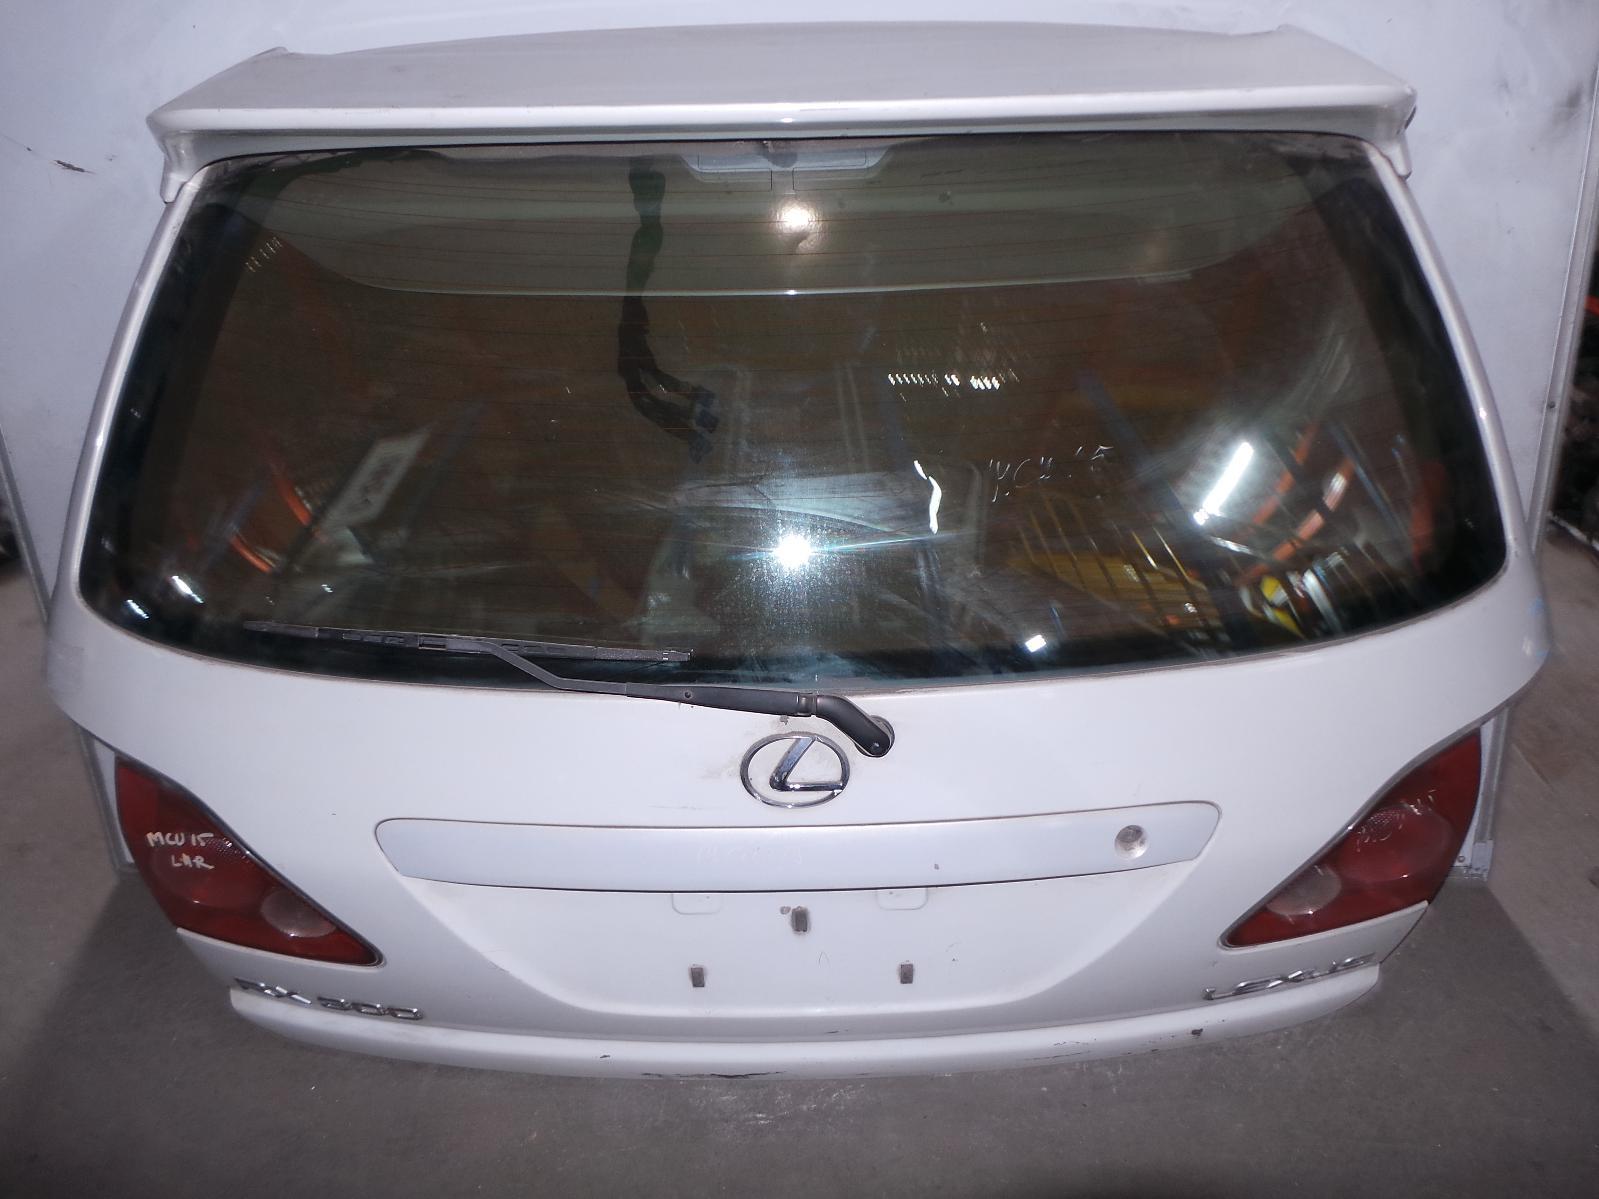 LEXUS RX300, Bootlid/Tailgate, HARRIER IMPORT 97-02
...
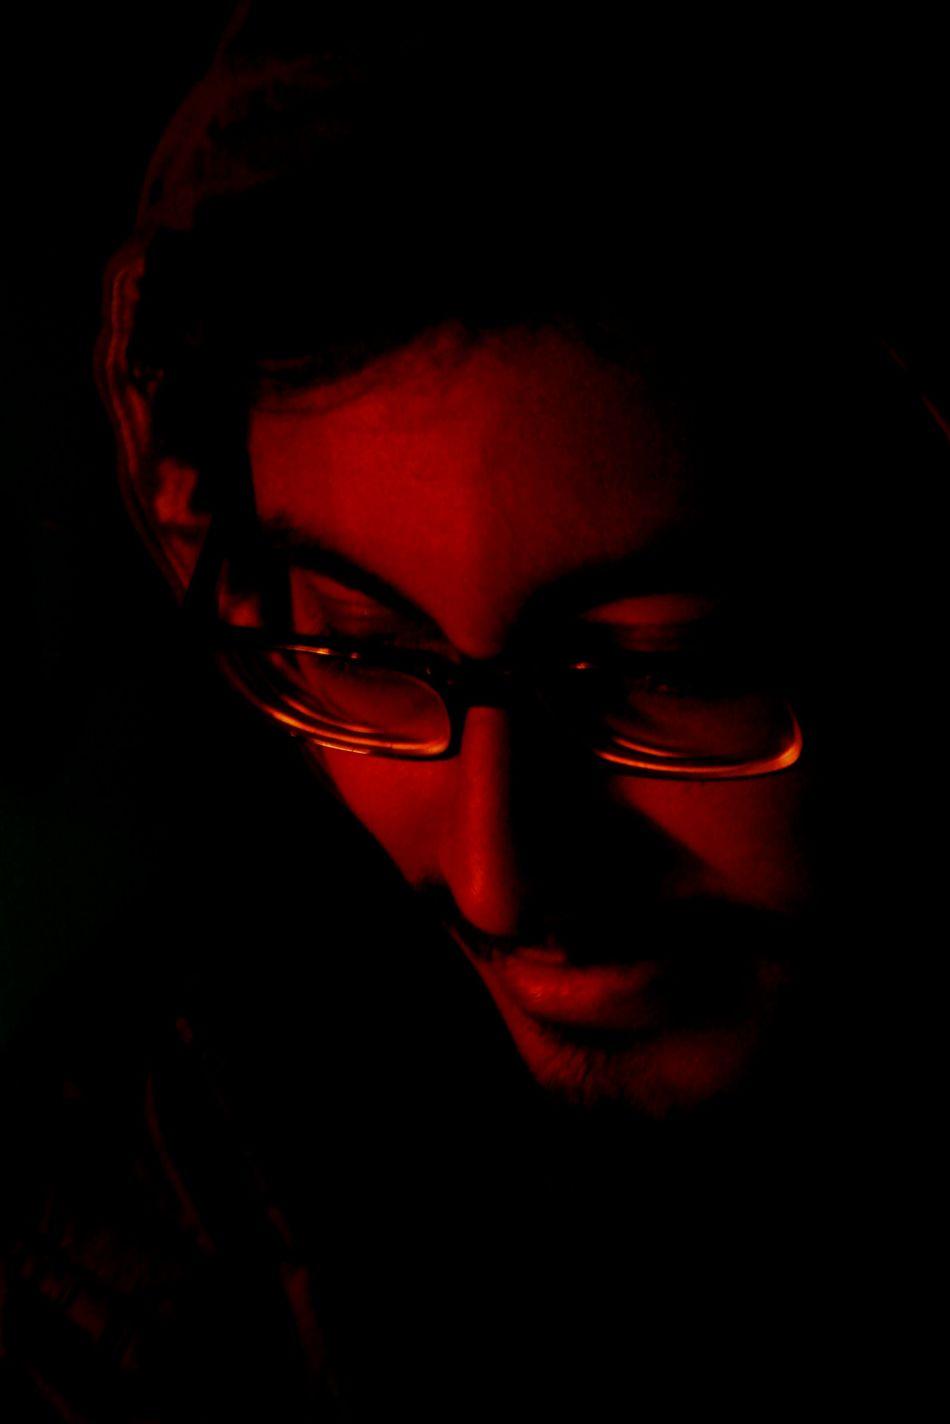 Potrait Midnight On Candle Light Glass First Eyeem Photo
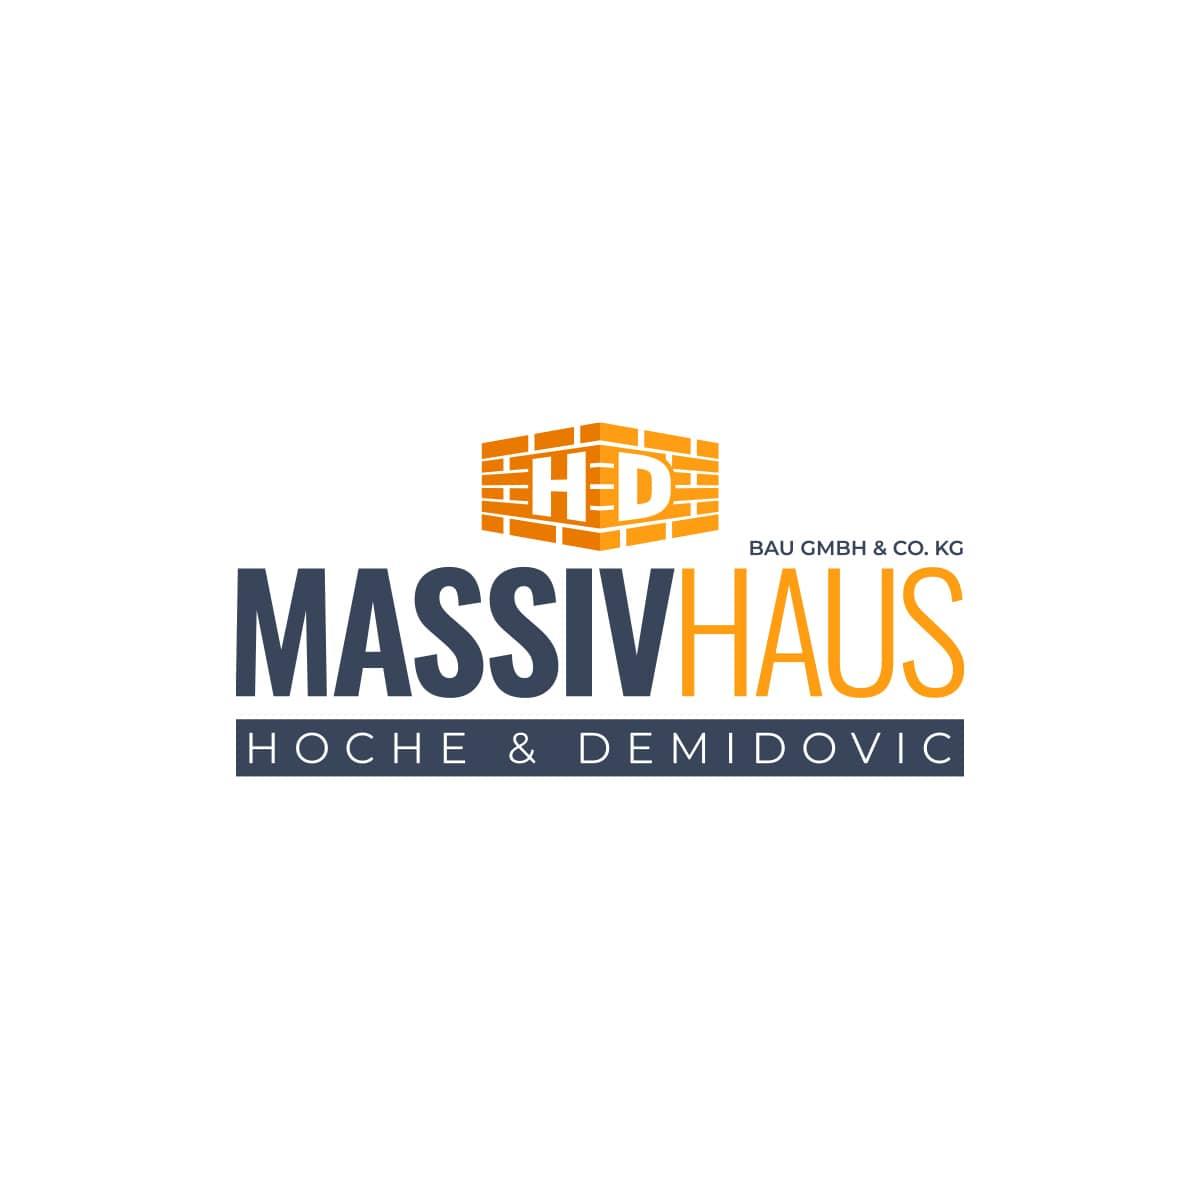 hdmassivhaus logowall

EXERCISE BRIEF
Range to copy from the listing above: the line containing "Potrait Midnight On" down to the line containing "hdmassivhaus logowall", both included. Reproduce it exactly, minus the pictures, and add nothing.

THE ANSWER
 Potrait Midnight On Candle Light Glass First Eyeem Photo
 hdmassivhaus logowall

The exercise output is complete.